Sewing pencils will work just fine. They're made of softer material because it's intended for writing on fabric. Any sewing store should have plenty of them.


----------



## Plastyk (Jul 9, 2009)

You could use a china marker , a.k.a. greas pencil.
I use a refillable chalk pencil for all my dark colored stuff.


----------



## woodnthings (Jan 24, 2009)

*I use silver metallic artists pencils*

They really show up on dark material. On wood I like to use a ball point, they make a fine line and also show up quite well. Sharpies are OK for some construction, but blunt over easily over time and use and then the line become too wide for my needs. This is a great question and it's surprising that it hasn't come up ..before...?:blink: bill


----------



## cabinetman (Jul 5, 2007)

I use a few different methods for getting a mark. It would depend on what I'm marking and where it goes. If the color of the finish I'm marking will show the results, I may use a color drafting or art pencil. If they are soft enough to show on a finish, they need sharpening often to be accurate.

On very dark finishes and if the mark is critical, I will use a knife mark and chalk it in, and then wipe away the dust. I wind up with a very fine chalk line. Chalk comes in a variety of colors. This method works good on endgrain.

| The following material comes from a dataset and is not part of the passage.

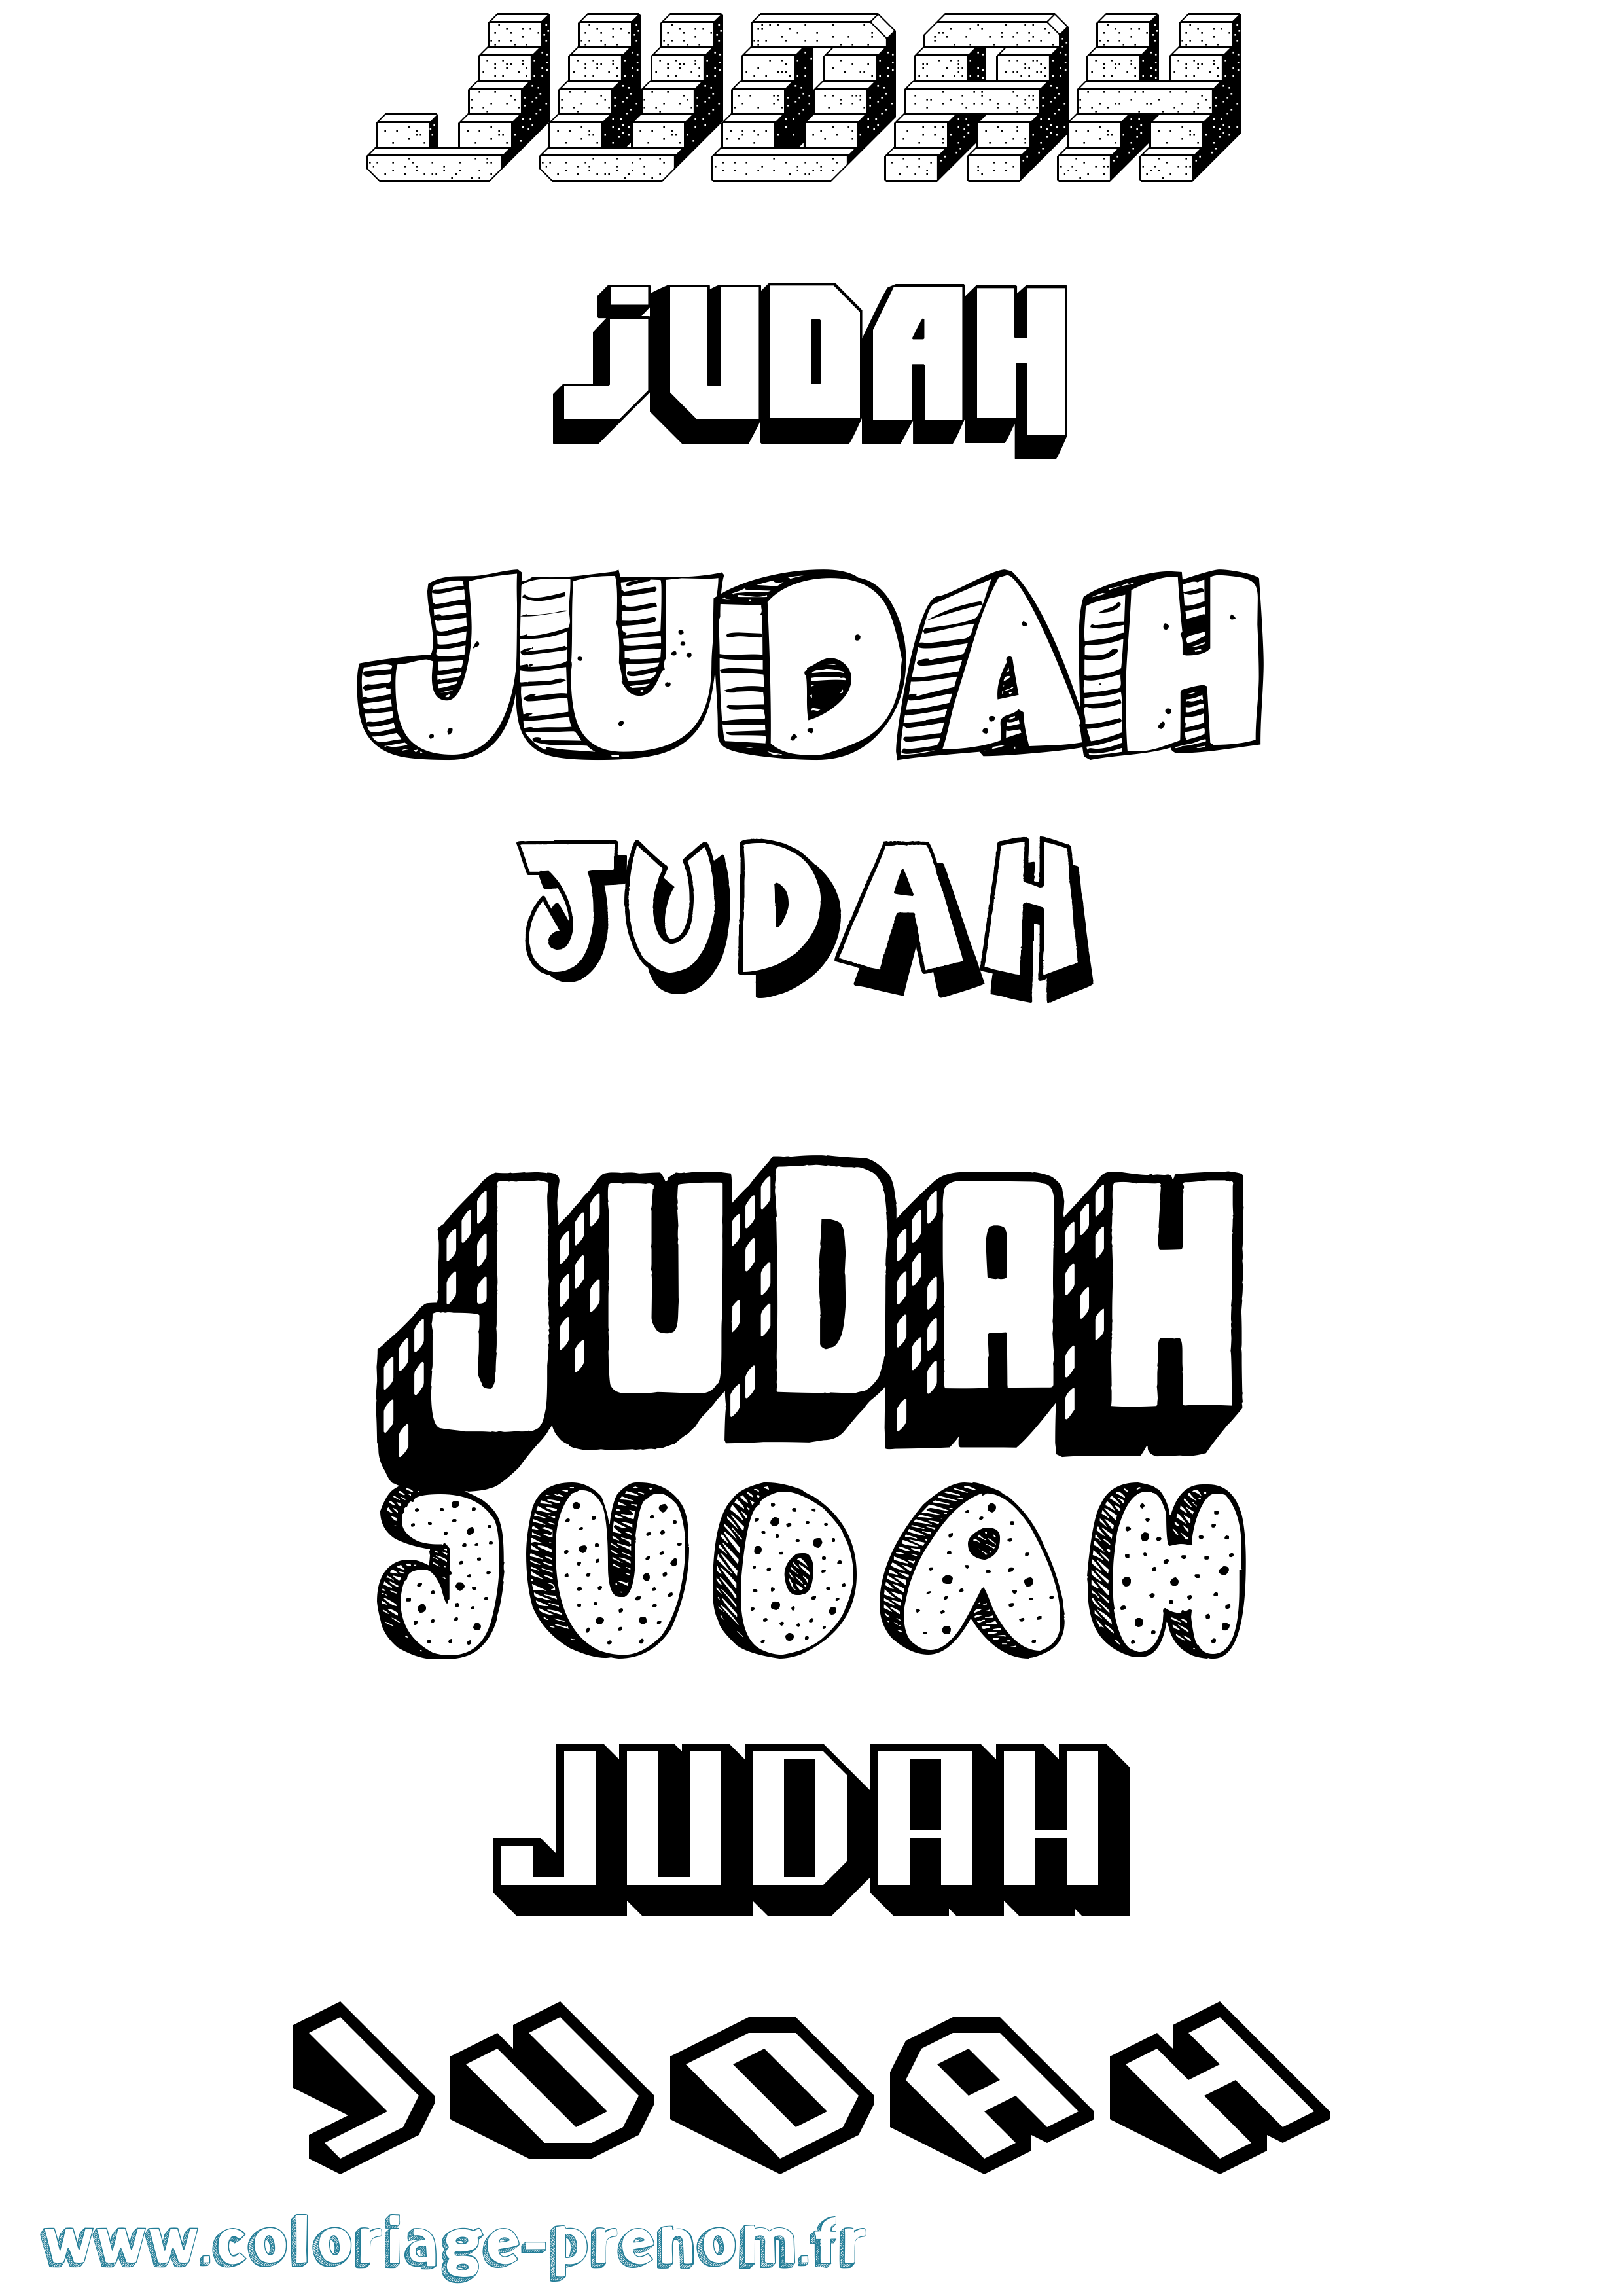 Coloriage prénom Judah Effet 3D

Or, I may just apply a strip of masking tape and draw a fine pencil line for a mark.


----------



## drwilson85 (Dec 10, 2008)

Thanks guys for all the suggestions. I found some white pencils at Hobby Lobby we will see how they work. I also found a fine point awl Im gonna try too, it retracts like a pen so I can stick it in my hat without stabbing myself, lol. Keep that good suggestions coming.


----------



## rrich (Jun 24, 2009)

I buy my white pencils at a blueprint supply house. They are intended to writing on blueprints. (Doh!) They seem to work well on walnut.


----------